#
ドキュメント

Document

自分のための備忘録です。

ログ

ログの管理方法

  • syslog/rsyslog
  • それ以外

UbuntuDebian系)のログは、慣例として/var/logに配置する。

syslog/rsyslog

各種サーバープログラムやカーネルなどが生成するシステムログメッセージは、syslog/rsysrogデーモンによって集中的に管理されます(図 9.1)。ログメッセージの生成元や優先度に応じて分類され、設定ファイルで指定された出力先に送り出されます。

なお、Apache HTTP ServerやSambaのように、syslog/rsyslogに頼らず独自にログを扱うサービスもあります。

syslog/rsyslogでは、ネットワークを介して別のホストにログメッセージを送ることもできます。つまり、ログサーバーを用意してログを集中的に管理できるわけです(図 9.2)。

「Linuxサーバーセキュリティ徹底入門」(中島能和) p.164

ログメッセージは、生成元を表すファシリティと優先度を表すプライオリティからタグ付けされる。

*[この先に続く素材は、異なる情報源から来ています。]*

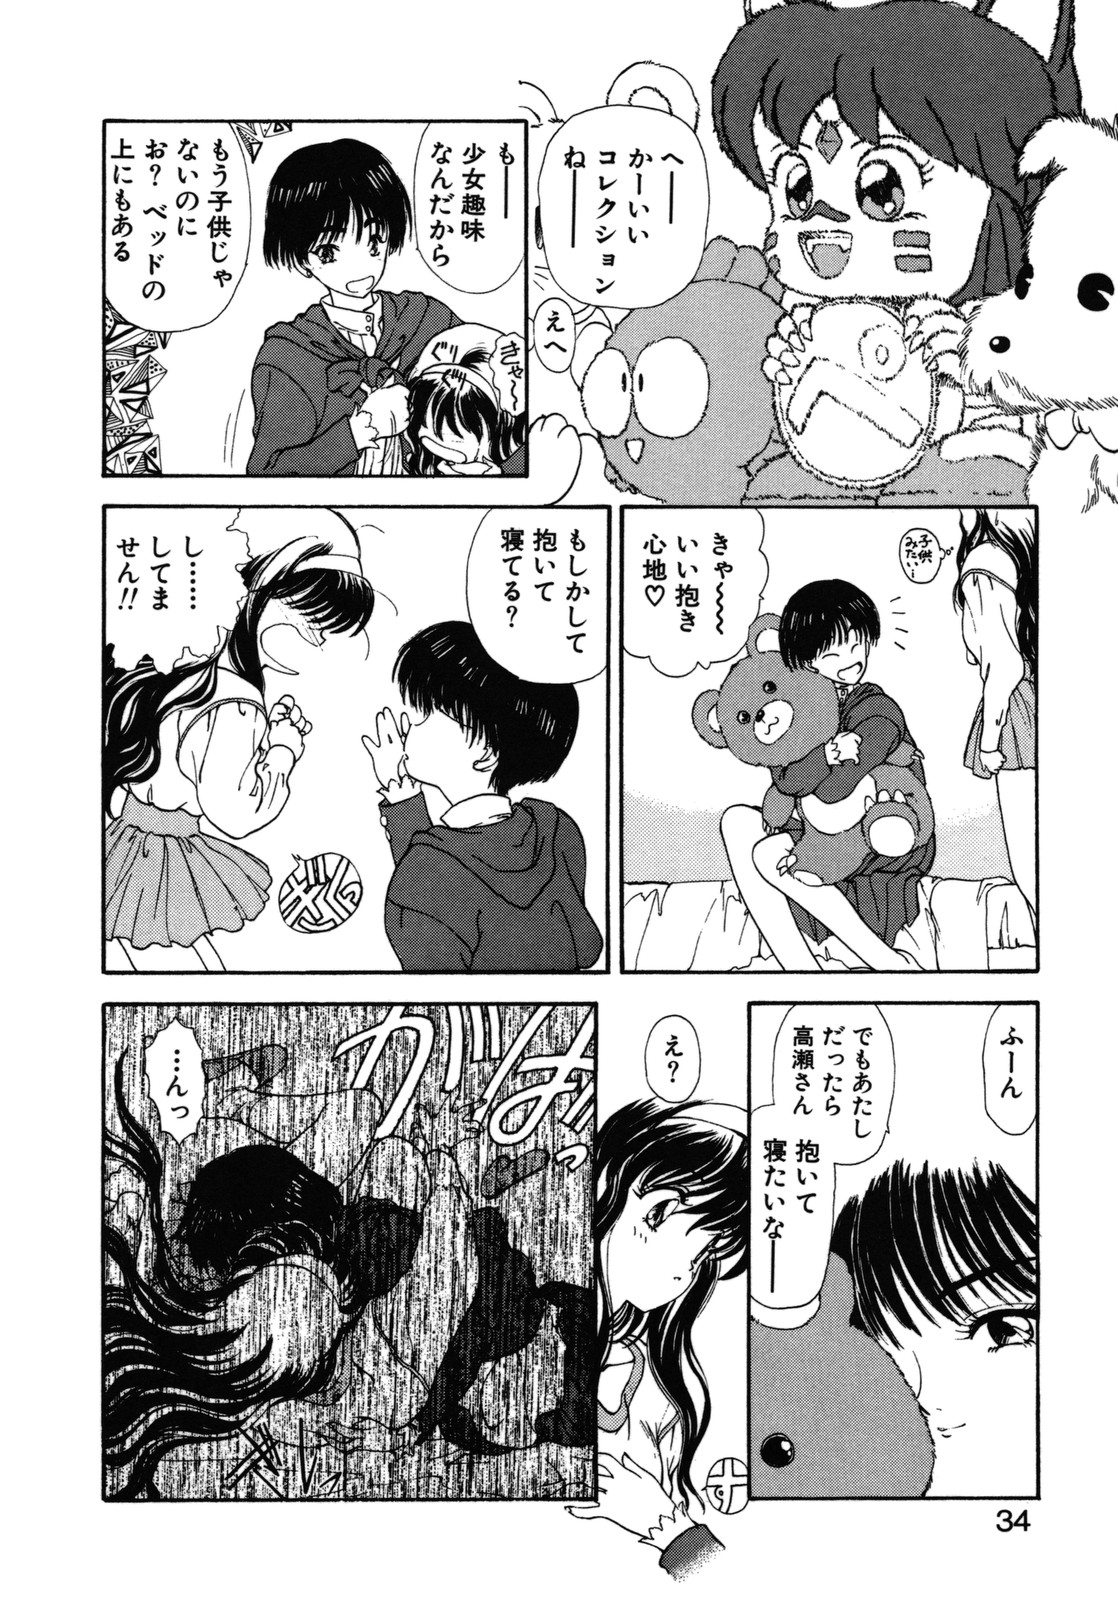 [Utatane Hiroyuki] COUNT DOWN page 35 full

syslogは、プロトコルとアプリケーション(デーモン)を指す場合がある。

  • RFC 3164で定義されたsyslogプロトコル
  • syslogd(アプリケーション)

現在、アプリケーションとしてのsyslogは使われることが少ない。 代わりにsyslogプロトコルを満たしてsyslogを改善した、以下のアプリケーションが使われる。

  • rsyslog
  • syslog-ng

rsyslogsyslog-ngともにデータベースへログを出力できる。

Ubuntu 18.0.4ではrsyslogが使われている。

ubuntu@ip-10-0-0-200:~$ type rsyslogd
rsyslogd is /usr/sbin/rsyslogd

設定ファイル

rsyslogの設定ファイルは、/etc/rsyslog.conf

rsyslog.confファイルは、個々の設定を/etc/rsyslog.d/から読み込む。

# Include all config files in /etc/rsyslog.d/
#
$IncludeConfig /etc/rsyslog.d/*.conf

編集例

デフォルトの設定ファイル(/etc/rsyslog.d/50-default.conf)を編集して、Cronの結果を/var/log/cron.logへ出力する。

# 50-default.conf
...
auth,authpriv.*                 /var/log/auth.log
*.*;auth,authpriv.none          -/var/log/syslog
- # cron.*                                /var/log/cron.log
+ cron.*                                /var/log/cron.log
#daemon.*                       -/var/log/daemon.log
kern.*                          -/var/log/kern.log
#lpr.*                          -/var/log/lpr.log
mail.*                          -/var/log/mail.log
#user.*                         -/var/log/user.log
...

rsyslogdを、再起動する。

$ sudo service rsyslog restart

Cronの設定で、メールアドレスおよびリダイレクションを設定していないとき場合に、ログは/var/log/cron.logへ出力される。

loggerコマンドを使ったテスト

ログ情報を発行

loggerコマンドは、syslogにログ情報を渡す。 (以下の例では、ubuntuユーザーでログインしていることを前提とする)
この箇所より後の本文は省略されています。